En este sentido, son muy esclarecedoras las palabras de Salustio Crispo (Guerra de Jugurta, 41): “[…] los conflictos del partido popular y de la nobleza y también todas las intrigas subsiguientes, se hicieron habituales en Roma pocos años antes, a raíz de la tranquilidad y de la abundancia [...]. Pues antes de la destrucción de Cartago, el Senado y el pueblo romano dirigían la República de común acuerdo, [...], y no había entre los ciudadanos lucha por los honores, o por el poder: el miedo al enemigo mantenía a la ciudad en la práctica del bien. Pero cuando aquel temor desapareció de sus mentes, se apoderaron de ellos el desenfreno y la soberbia, vicios que son inherentes a la prosperidad. [...] la nobleza empezó a poner al servicio de sus pasiones su grandeza y lo mismo hizo el pueblo con su libertad; buscaban sólo su provecho individual [...]. De este modo, los dos bandos trataban de apropiárselo todo, y la República, que estaba en medio, quedó hecha jirones”.

En segundo lugar, encontramos el ordo equester, todos aquellos aristócratas que no se decantaron por la carrera senatorial, sino que emprendieron otros caminos, como los negocios, prestamos, financiamientos o bien la prestación de otros servicios administrativos al Estado. En definitiva, unos servicios de quienes dependió, en gran parte, la gestión de la República. Formaron, así pues, el grupo llamado publicani.

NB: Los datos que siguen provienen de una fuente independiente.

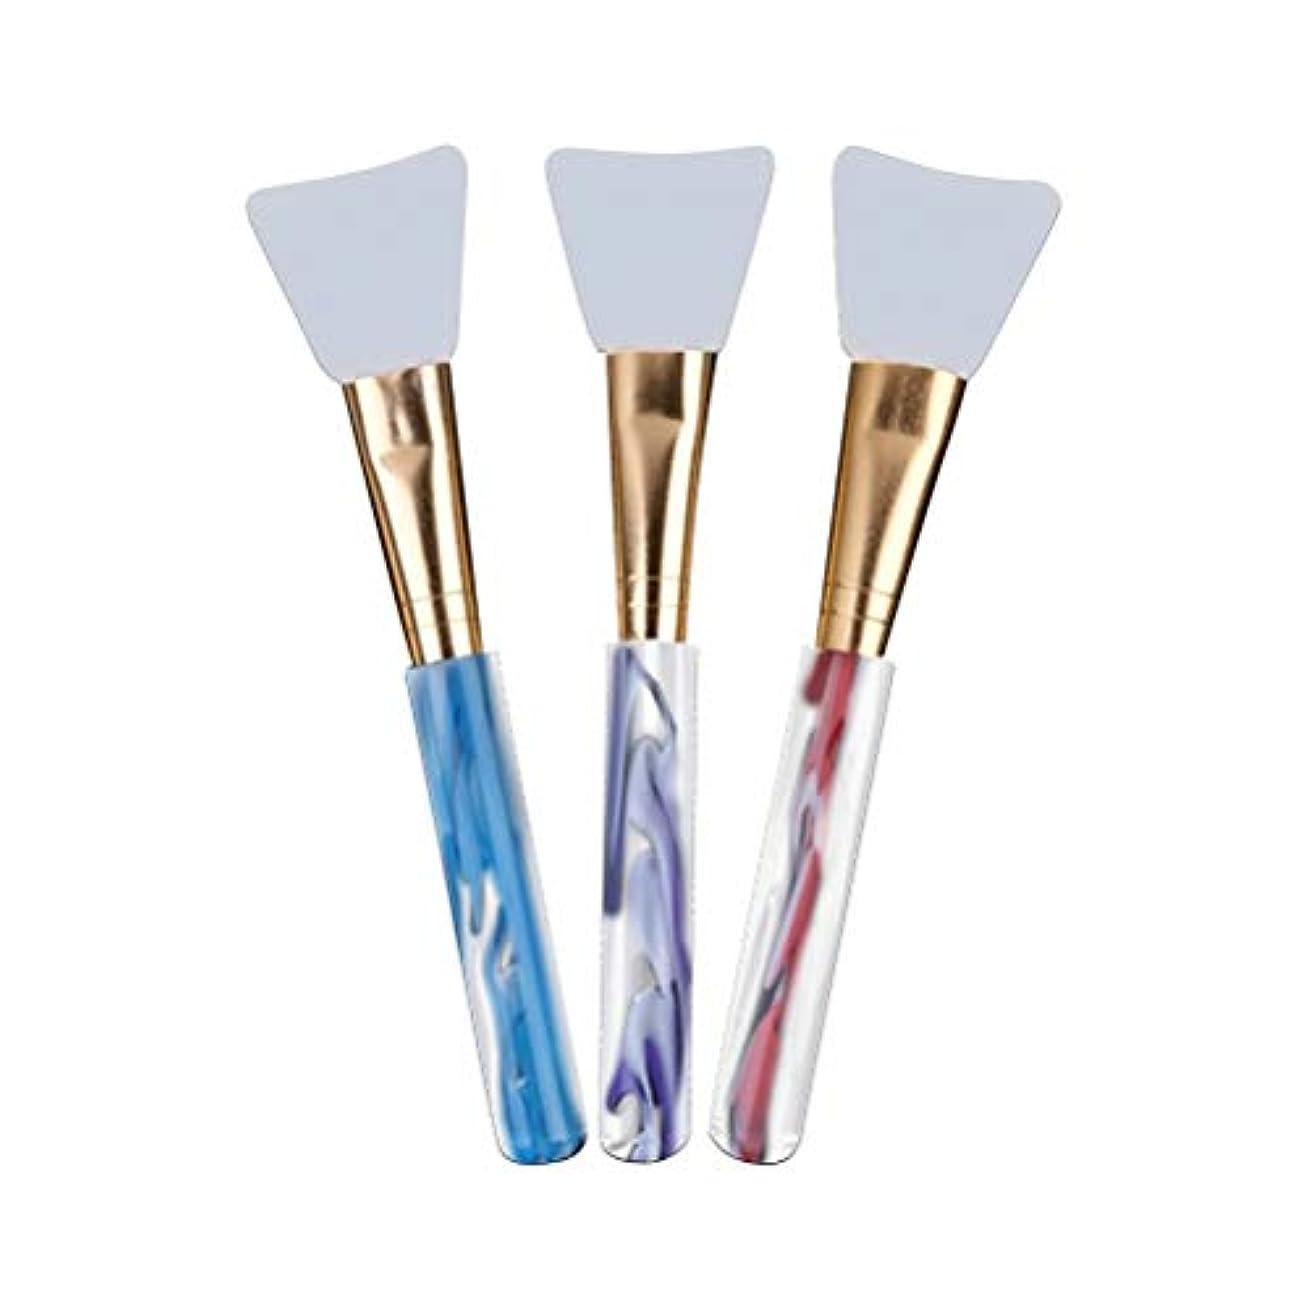 三規則性エネルギーFrcolor マスクブラシ シリコン メイクブラシ マスク用 ビューティーツール マスクツール DIY ソフト 多機能 化粧筆 3本セット
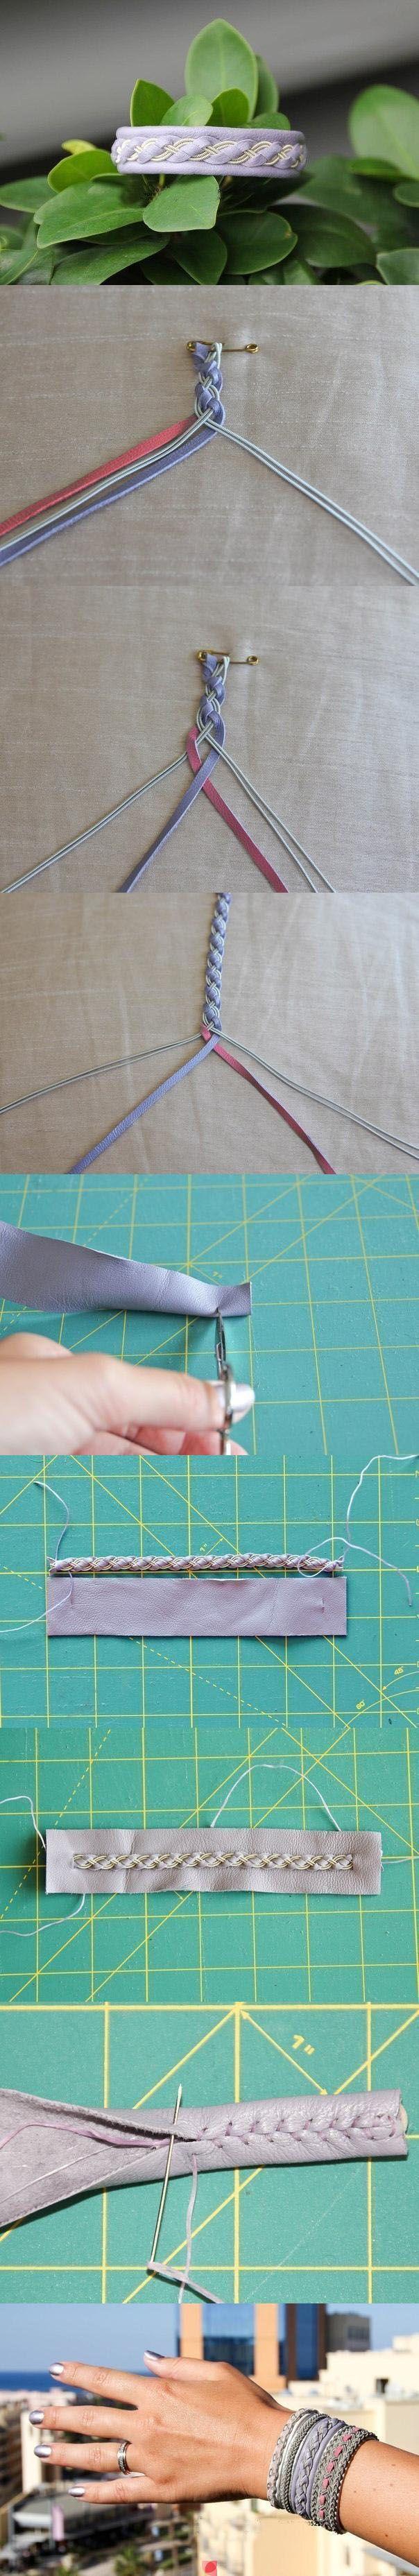 Geflochtenes Armband mit Leder und Bändchen

Entre los dos grupos, nobilitas y publicani, surgieron grandes rivalidades políticas y económicas, unos enfrentamientos de poder que se reflectaron en el día a día de la política romana, con intrigas y maniobras políticas por hacerse con el control de diversos órganos de poder. Estamos ante el origen de la grave crisis social que, con el paso del tiempo, acabaría perjudicando de una manera inevitable a la República romana.


Bibliografía
-DÍAS BAUTISTA, A., “La República romana”. Anales de Derecho, 4, 1983, pp. 177-186.

-DUPLÀ, A. “Interpretaciones de la crisis tardorrepublicana: del conflicto social a la articulación del consenso”. Studia Historica. Historia Antigua, 25, 2007, 185-201.

-FERRER MAESTRO, J. J., “El apogeo de la República”. Historia Antigua de Grecia y Roma, Fco. Javier Fernández Nieto (coord.), Valencia, Tirant lo Blanch, 2005, pp. 373-423.